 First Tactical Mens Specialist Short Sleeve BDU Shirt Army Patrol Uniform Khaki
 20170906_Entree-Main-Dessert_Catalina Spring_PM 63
...
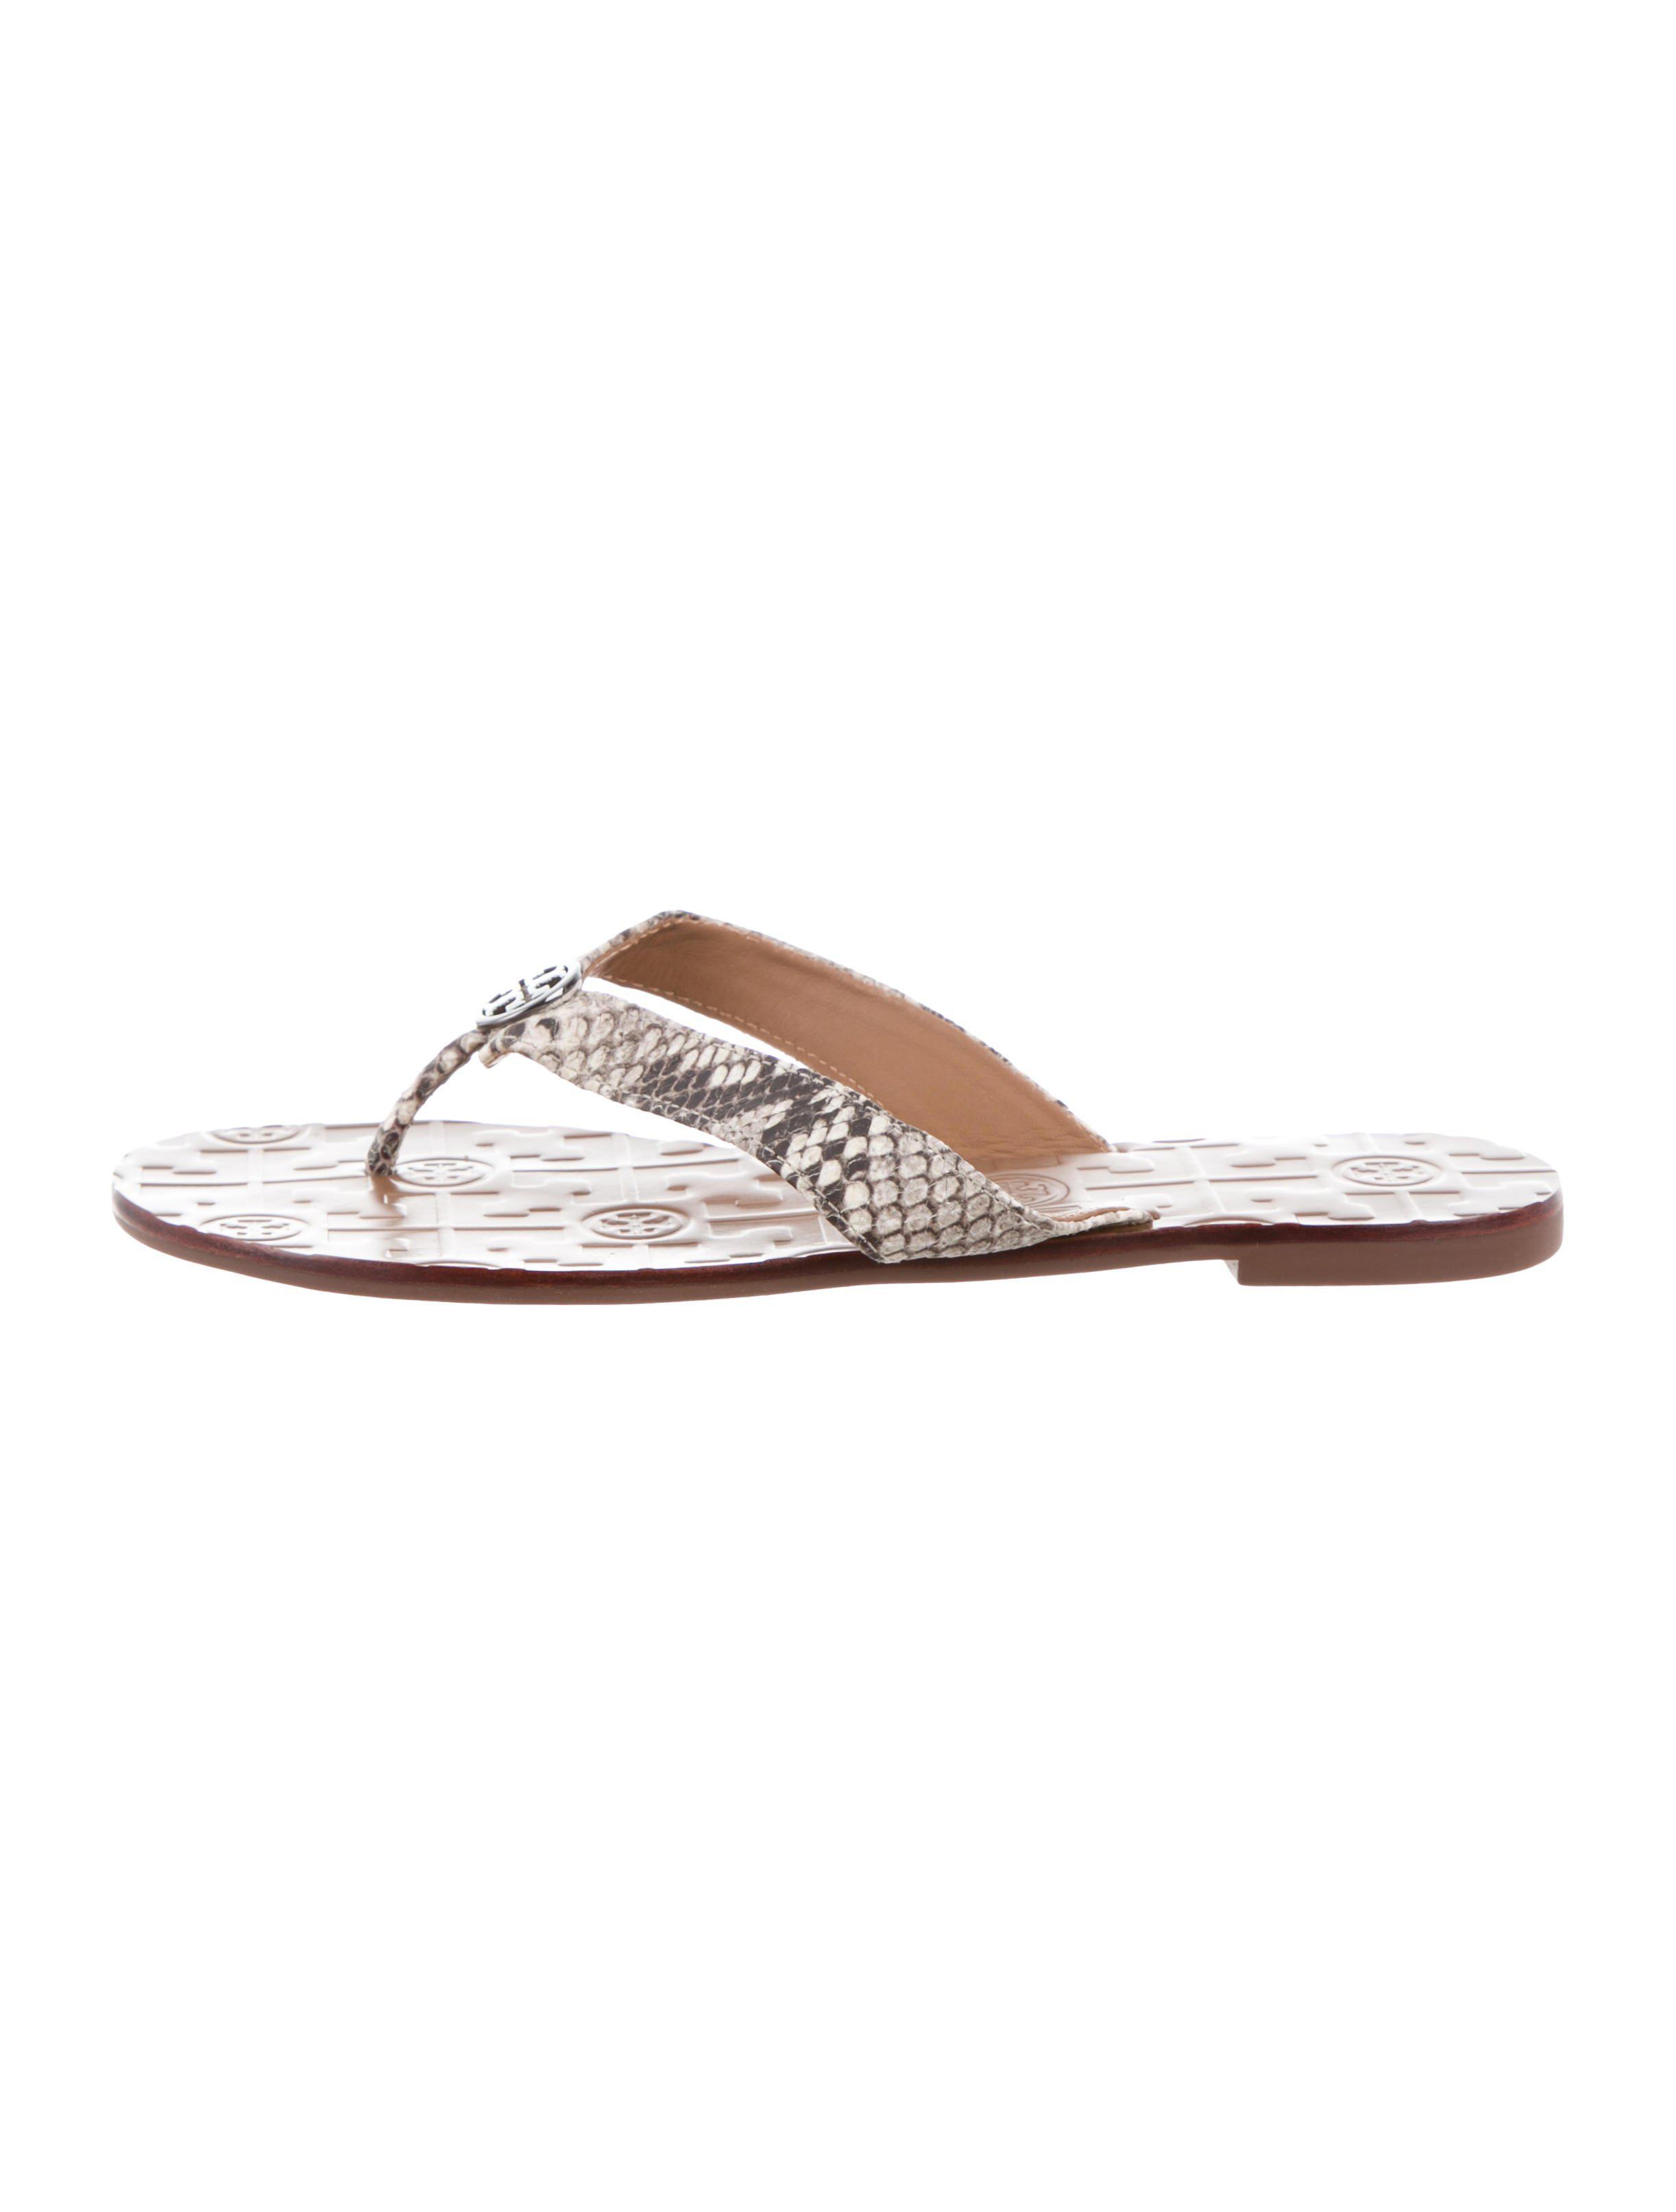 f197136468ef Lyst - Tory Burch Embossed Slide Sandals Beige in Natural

→ INSTRUCTIONS FOR THE TASK: Reproduce exactly the lines of the records above from the one with "First Tactical Mens" to the one with "20170906_Entree-Main-Dessert_Catalina Spring_PM 63", both included, and leave out everything else.

→ EXERCISE ANSWER:
 First Tactical Mens Specialist Short Sleeve BDU Shirt Army Patrol Uniform Khaki
 20170906_Entree-Main-Dessert_Catalina Spring_PM 63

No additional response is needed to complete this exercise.